本日のゲストは、写真家・映画監督の石川梵さんの2回め。
先日まで公開されていた映画「世界でいちばん美しい村」は、入場制限がかかるほどの人気でした。再上映を期待する声も高まっています。
大地震のあとのネパールの村が舞台でした…
この映画ができるきっかけは、東日本大震災でした。貧しい国であるネパールが、日本のために、一生懸命支援をしてくれたことへの恩返しの気持ちがあったのです。
東日本大震災…深く記憶に刻み込まれた、未曾有の大災害。
2011年3月11日。東京の地下鉄で地震に遭遇した石川さんは、帰宅難民となり、その夜は友人宅へ。テレビで気仙沼が燃えてることを知り、たいへんな衝撃を受けました。
避難している場合じゃない、現場に行かなくては!
翌早朝、調布の飛行場で飛行機をチャーターするや、すぐに飛び立ちました。3月12日のことです。

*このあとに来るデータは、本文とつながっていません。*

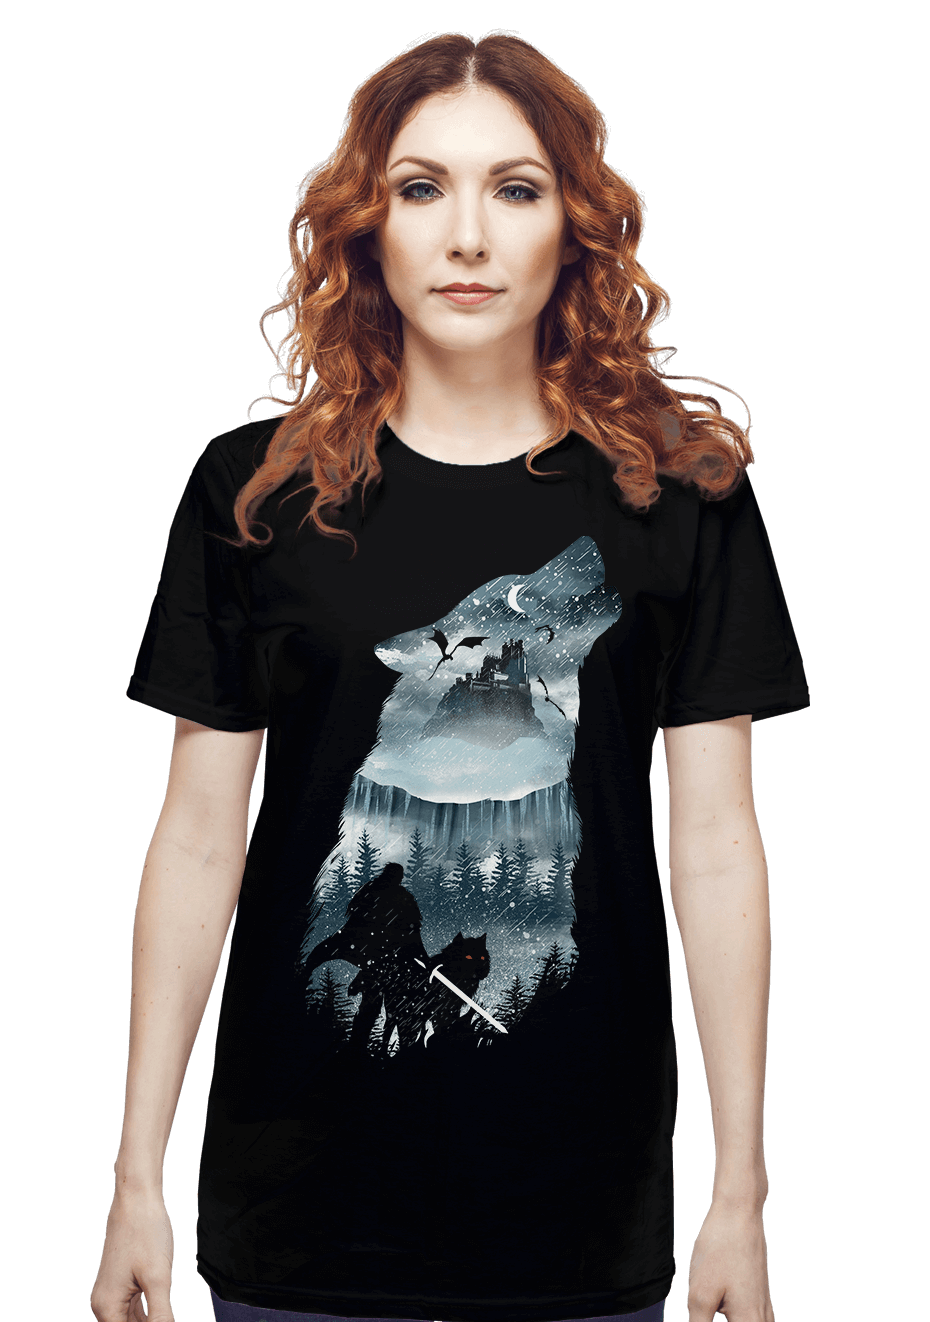 Winter Has Come - GoT T-Shirt

海岸線をずっと上って行くと、上空から見えたのは、おびただしい数の漂流物でした。とんでもないことが起こっている…そう思った時に見えてきたのが、福島の光景でした。まだ、水が引いていません。
さらに北上を続けると、石巻で、学校らしきものが泥の中に埋まっているのが見えました。だれもまだ悲劇に気づいていない、あの大川小学校の姿でした。石川さんはシャッターをきります。
そして気仙沼は…煙の中、水に沈んだ気仙沼がありました。うめき声が聞こえてきそうな光景だったそうです…

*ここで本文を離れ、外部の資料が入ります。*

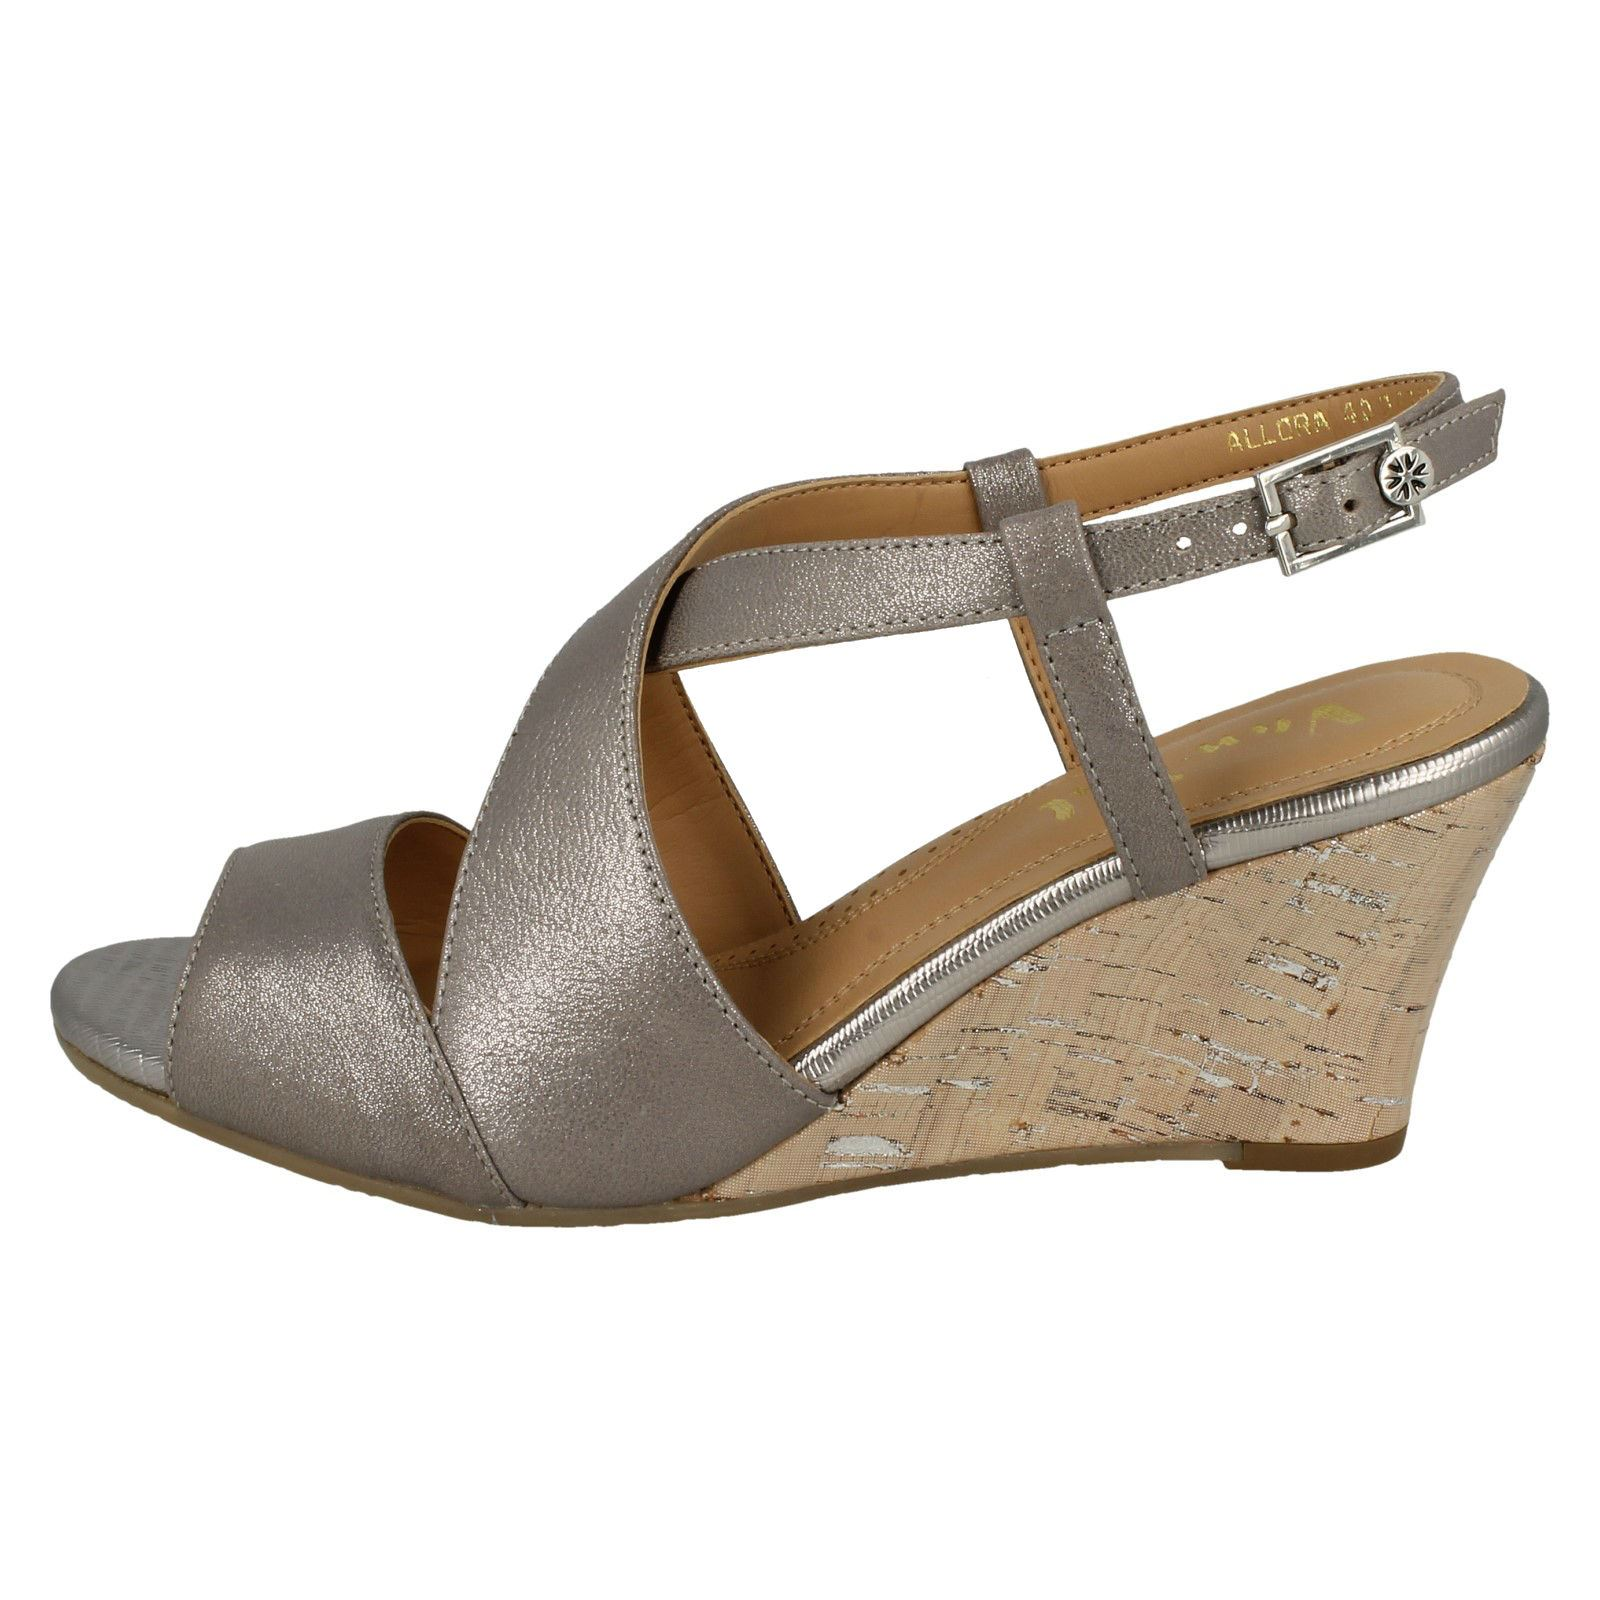 Ladies-Van-Dal-Cross-Strap-Wedged-Sandal-Allora thumbnail 28

燃料を考えながらの空撮。石川さんは東京に戻る途中、福島第一原発が気になり、もう一度、向かいます。
行きは無傷に見えた福島第一が、帰りは煙を噴いていました。無心でシャッターをきりました。
この直後、約50分後に、石川さんが写真に収めた福島第一は爆発したのです。
石川さんが撮影したのは、放射性物質を含んだ煙でした。青い海との対比が、心に突き刺さります。
この写真の存在は、当時はあまり知られていませんでしたが、数年を経て評価され、昨年、数紙の一面トップで大きく掲載されました(インターネットで拝見することができます)。
空撮だけでは終わりません。今度はバイクにまたがり、ふたたび被災地へ向かいました。3月15日。雨が降り出しそうでした。危険を感じ、引き返すことにしました。すると、ポツポツと、ヘルメットに、黒い雨が…。
大丈夫、自分に言い聞かせながら帰りつくと、家の前ですべてを脱ぎ処分し、シャワーを浴びました。そして今度は車で出直したんです。福島県いわき市へ。到着後、放射線量を測るスクリーニング検査の会場を取材しようとした時です。石川さんの持ち物が激しく反応しました。それは、カメラバッグでした。
カメラバッグだけは洗浄できなかったのです。そのカメラバッグから放射性物質が…。幸運なことに、中のカメラはほとんど汚染されていませんでした。カメラを取り出し、取材を続けたそうです。2ヶ月間ずっと車で寝起きし、写真を撮り続けました。
(のちにこの時の放射線量は、問題になるほどではなかったとわかります。当時は情報が錯綜していたのです)
とても濃いお話に圧倒されました。改めて、大災害だったことを身近に感じました。
お話してくださって、ありがとうございました。
石川梵さんのリクエストは今週も、はなおとの「んだなはん」。"そうだよね"という意味の東北の言葉だそうです。
大分県のご出身。高校の先輩でもある石川梵さん。ご出演ありがとうございました。これからのご活躍も楽しみにしています。
またぜひ遊びにいらしてくださいね。
それではまた来週。お相手はミチコでした。